# How do you solve a^x = 10^(2x+1)?

Apr 5, 2016

$x = \frac{- \log \left(10\right)}{2 \log \left(10\right) - \log \left(a\right)}$

#### Explanation:

$1$. Assuming you are trying to solve for $x$, start by taking the logarithm of both sides.

${a}^{x} = {10}^{2 x + 1}$

$\log \left({a}^{x}\right) = \log \left({10}^{2 x + 1}\right)$

$2$. Using the logarithmic property, ${\log}_{\textcolor{p u r p \le}{b}} \left({\textcolor{red}{m}}^{\textcolor{b l u e}{n}}\right) = \textcolor{b l u e}{n} \cdot {\log}_{\textcolor{p u r p \le}{b}} \left(\textcolor{red}{m}\right)$, simplify the equation.

$x \log \left(a\right) = \left(2 x + 1\right) \log \left(10\right)$

$3$. Expand the brackets.

$x \log \left(a\right) = 2 x \log \left(10\right) + \log \left(10\right)$

$4$. Move all terms with $x$ to one side of the equation with the terms with no $x$ to the other side.

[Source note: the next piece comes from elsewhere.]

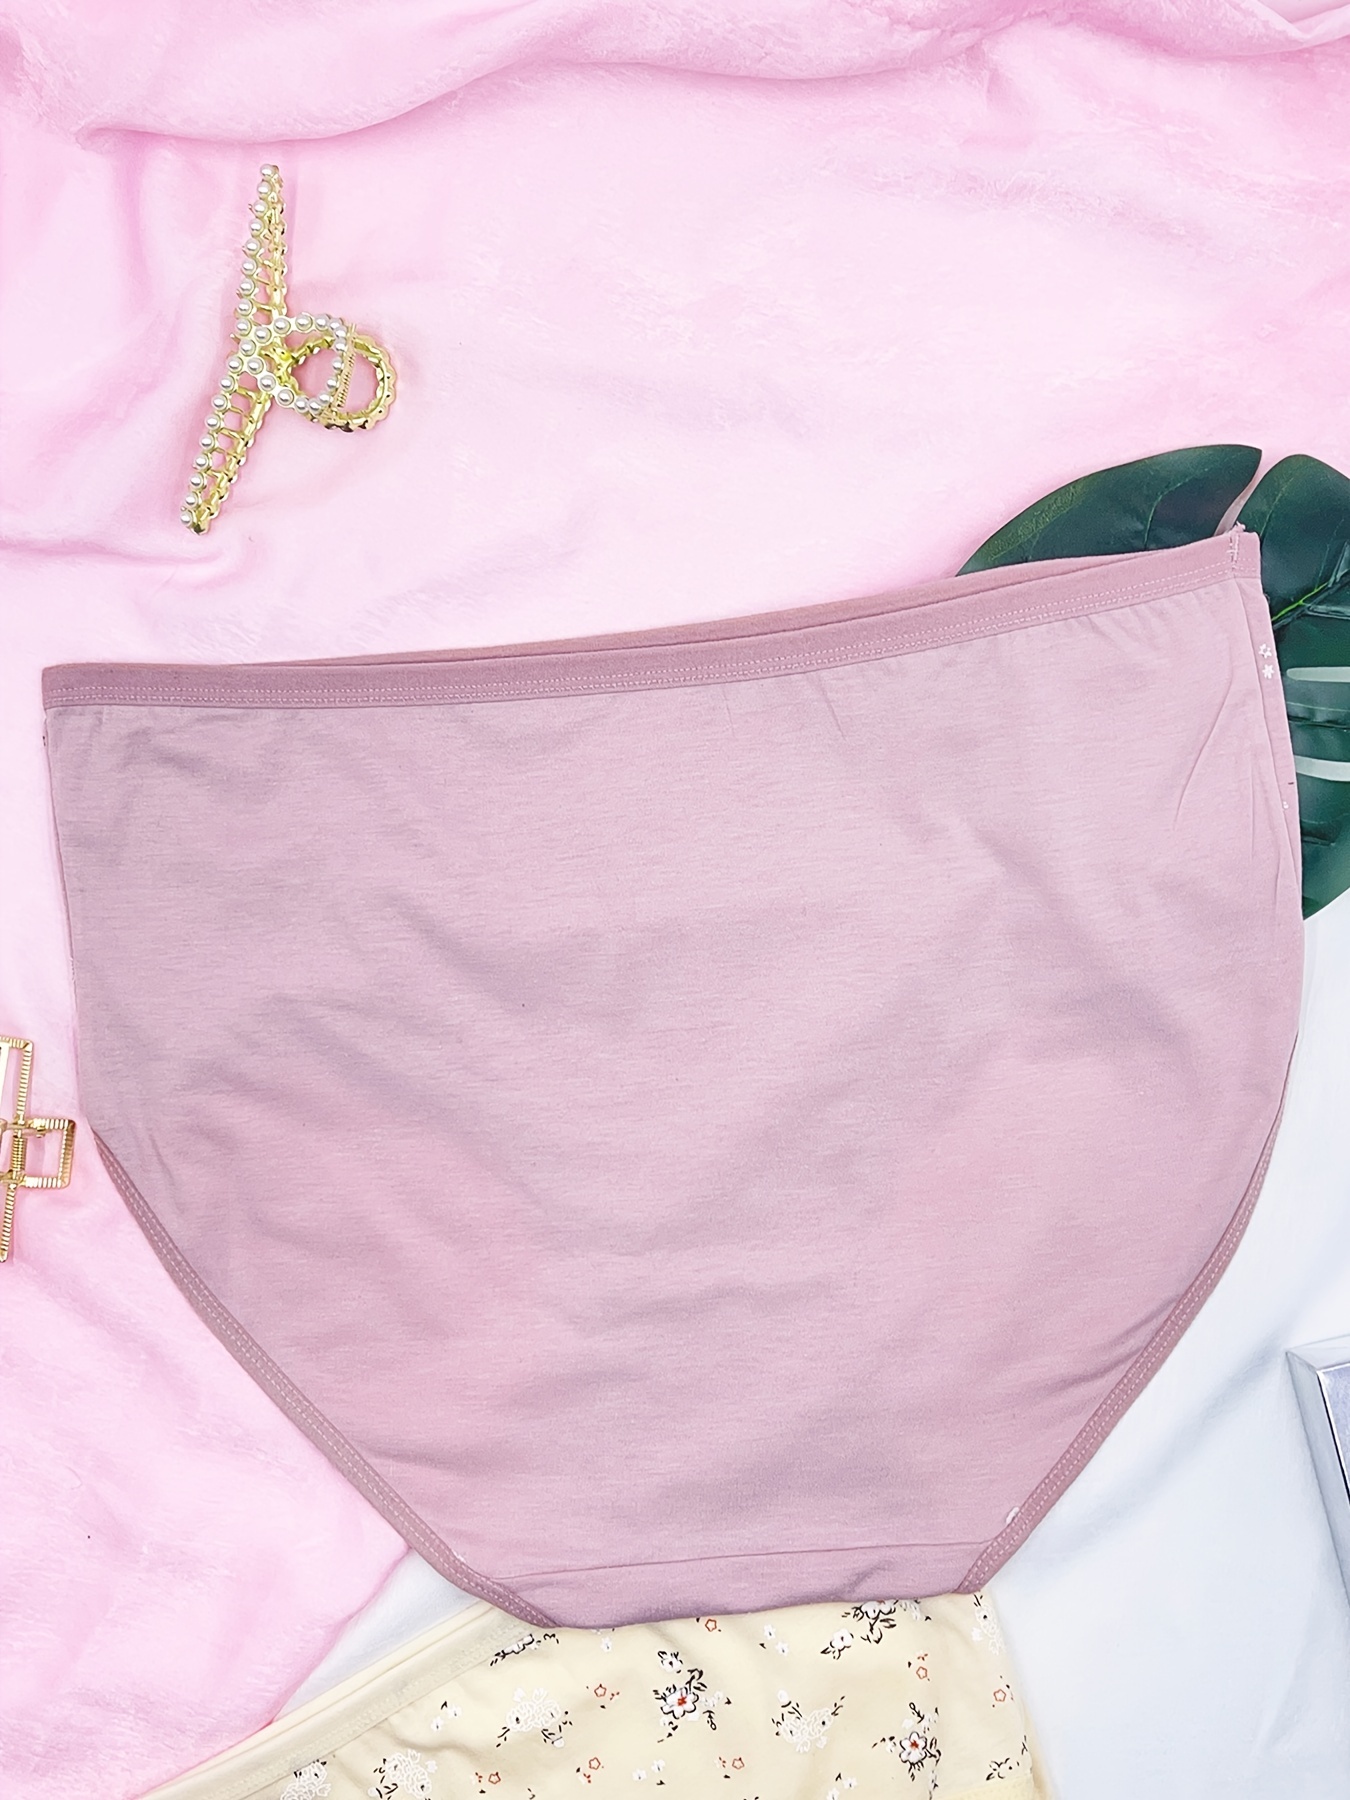 Panty – thezoo me underwear
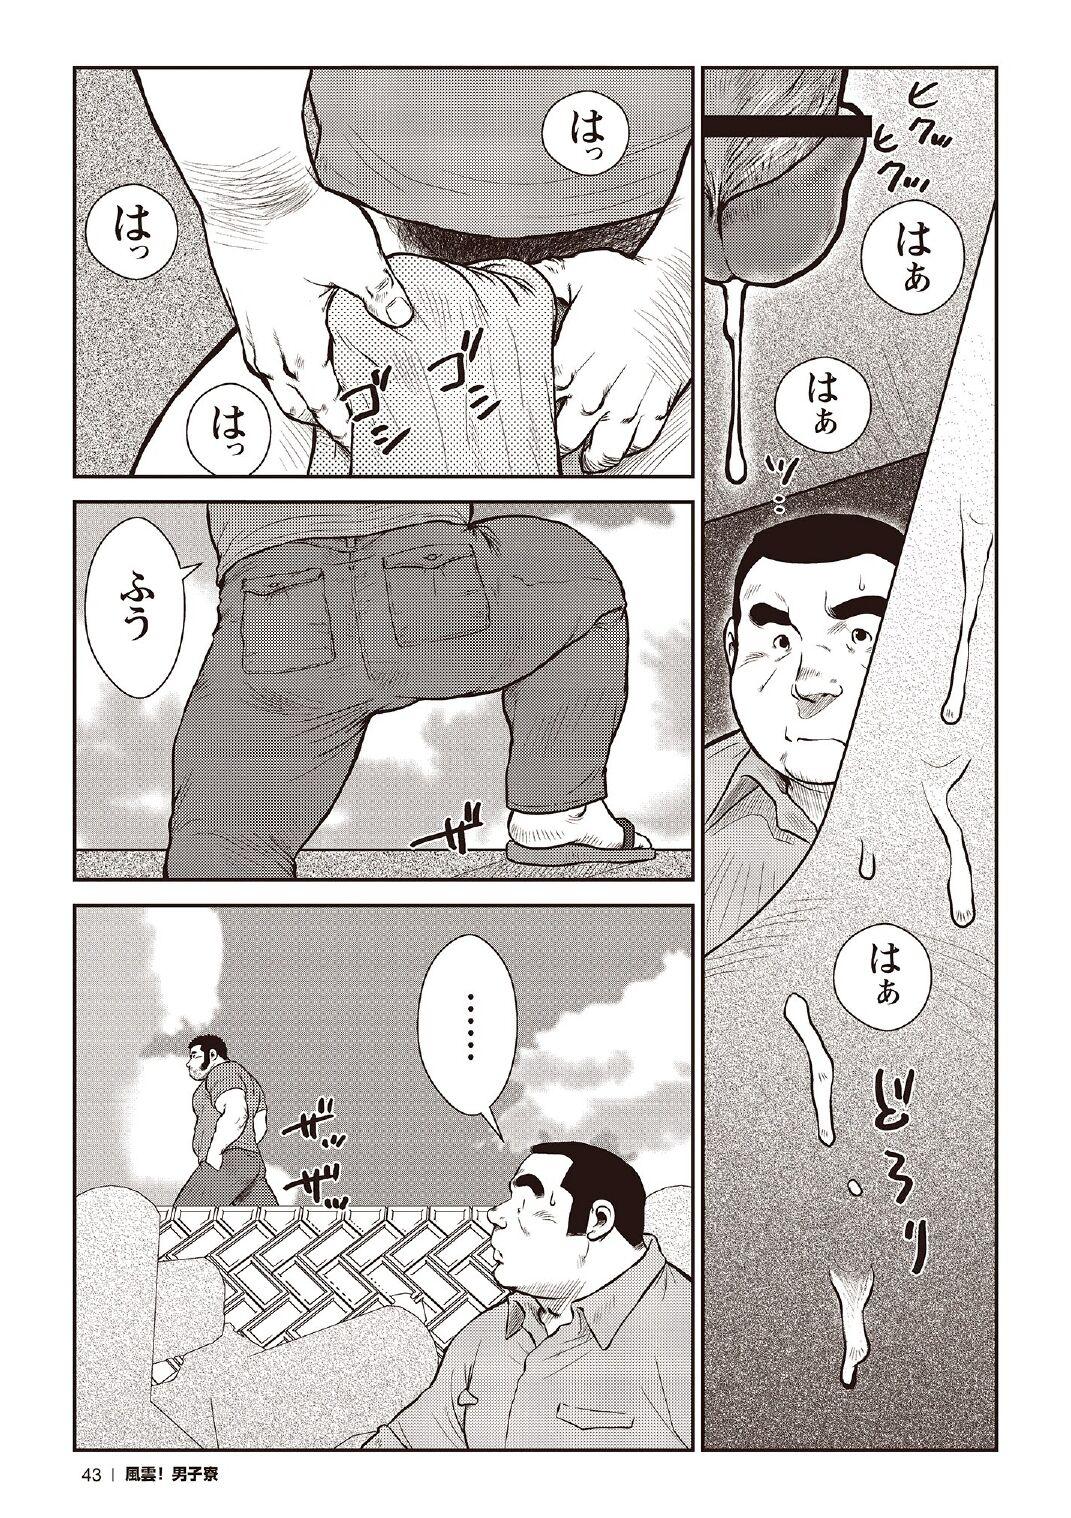 [Ebisubashi Seizou] Ebisubashi Seizou Tanpen Manga Shuu 2 Fuuun! Danshi Ryou [Bunsatsuban] PART 2 Bousou Hantou Taifuu Zensen Ch. 1 + Ch. 2 [Digital] 20

$2 x \log \left(10\right) - x \log \left(a\right) = - \log \left(10\right)$

$5$. Factor out $x$.

$x \left(2 \log \left(10\right) - \log \left(a\right)\right) = - \log \left(10\right)$

$6$. Isolate for $x$.

$\textcolor{g r e e n}{| \overline{\underline{\textcolor{w h i t e}{\frac{a}{a}} x = \frac{- \log \left(10\right)}{2 \log \left(10\right) - \log \left(a\right)} \textcolor{w h i t e}{\frac{a}{a}} |}}}$